Last weekend, hundreds of economists gathered in Chicago for their annual conference, where they interviewed one another for job openings, presented new research papers and had the occasional glass of wine. This was my sixth such conference, and I have often been stunned by how much of the research here, like Ms. Oster’s work, would interest non-economists.

As “The Soulful Science,” a new book by Diane Coyle, puts it, there has been a “remarkable creative renaissance in how economics is addressing the most fundamental questions — and how it is starting to help solve problems.” The reams of data that computers can now crunch have ushered the field into a new golden age, Ms. Coyle writes, yet most of its accomplishments are not widely known.

So before this year’s conference, I did an informal poll of about 20 senior economists around the country and asked a single question: who are the young (untenured) economists doing work that is both highly respected among experts and relevant to the rest of us?
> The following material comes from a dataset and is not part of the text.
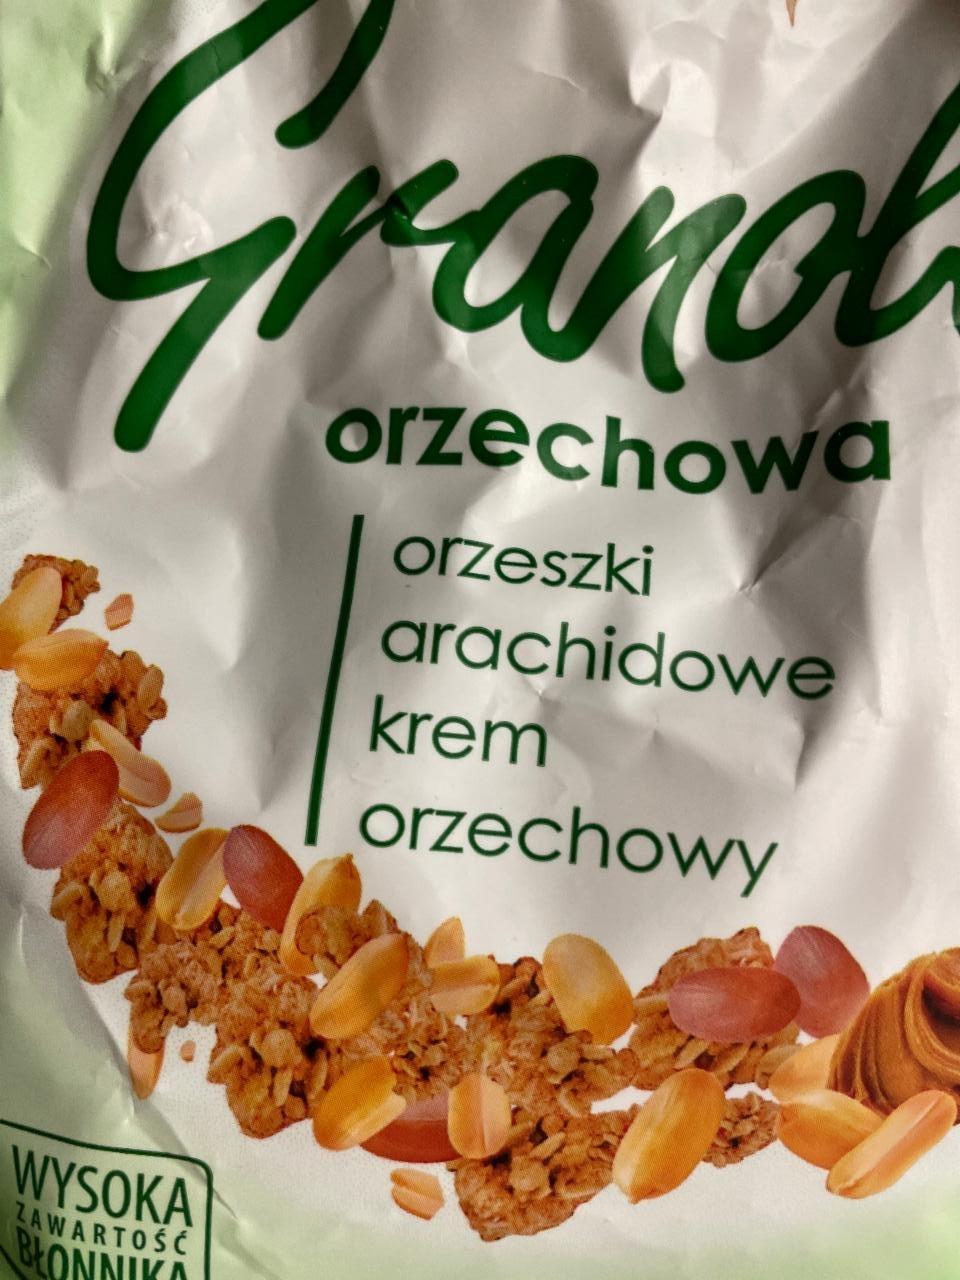 Zdjęcia - Granola orzechowa Orzeszki arachidowe krem orzechowy Sante

Who, in other words, is the future of economics?

Thirteen names came up more than once, and I’m sure a scientific survey would have produced a longer list. As it is, though, the list is incredibly diverse. It includes Justin Wolfers, who once worked for an Australian bookie and is now an expert on online prediction markets , and Raj Chetty, who grew up in both India and Milwaukee and studies antipoverty policy.
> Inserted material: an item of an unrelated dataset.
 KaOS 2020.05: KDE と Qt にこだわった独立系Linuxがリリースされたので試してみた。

Ms. Oster is on the list, and so is the boyfriend with whom she first discussed her AIDS ideas: Jesse Shapiro, now her husband. He has done innovative work on, among other things, the benefits of television for some toddlers. The two of them are the inaugural fellows at a University of Chicago research center run by Gary Becker (a Nobel laureate), Steven Levitt (co-author of “Freaknomoics”) and Kevin Murphy (winner of a MacArthur genius award).

In fact, the least diverse aspect of the list of 13 — the full roster appears above — may be the way that its members have chosen their mates. Six of them are married to another person in the group.
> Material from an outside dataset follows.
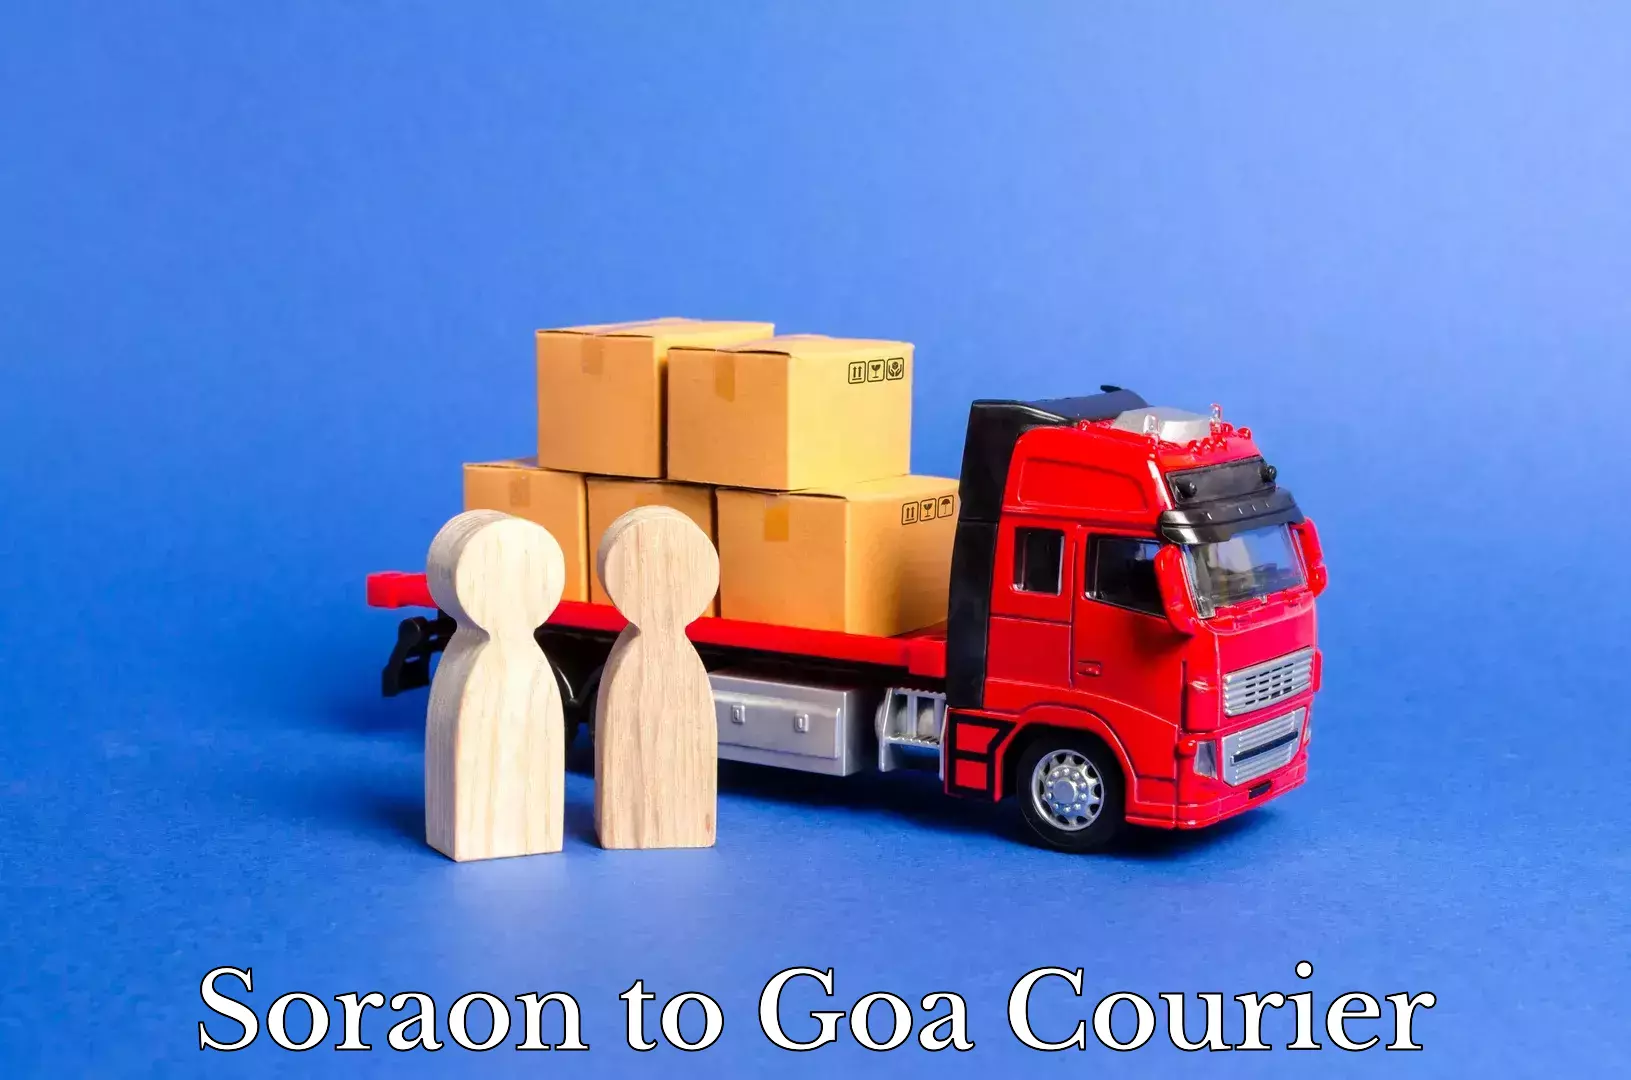 Express courier facilities Soraon to Goa

In the end, this new era of economics matters because it has a chance to influence the world that is its subject matter. Ms. Oster, for example, has presented her work to the President’s Commission on AIDS and others, and her findings seem to be one small part of the recent push for better H.I.V. prevention measures.

In Massachusetts, a 41-year-old economist named Jonathan Gruber helped design the new state program to provide health insurance for every resident, which is a model for the California plan announced on Monday. The new federal pension law, meanwhile, encourages employers to sign up workers automatically for 401(k) plans largely because academic research has shown just how costly procrastination is.

For all this success, though, there are still two big obstacles holding back the economics revolution. The first is that the field remains too narrow in its approach. As David Colander, an economist at Middlebury College, notes, researchers are rewarded — with job offers, endowed chairs and prizes — for finding statistically significant patterns that can be published in prestigious journals. They’re generally not rewarded for collaborating with experts in other fields to put those patterns into better context.

As a result, there is too much “cleverness for cleverness’s sake,” Mr. Colander says, and not enough “judgment and wisdom.”

The second obstacle is that when economists do uncover a nugget of true wisdom, they’re often hesitant to follow it to its natural conclusion and to become principled advocates for better policy. Theirs is not to judge, they insist, only to report what they find. Otherwise, they may risk their reputation for impartial research.

Which is a fair point. But it’s a risk worth taking, because the alternative is frankly much worse.

When David Hume, the philosopher and friend of Adam Smith, called for the establishment of a “science of human nature” in the 18th century, he helped invent modern economics. The new generation of researchers will probably come closer to realizing his vision, and to making economics a true science, than any of their predecessors.

But think about what scientists do when they uncover a problem: they try to solve it. To do otherwise is to let an impressive piece of research turn into a scientifically rigorous piece of trivia.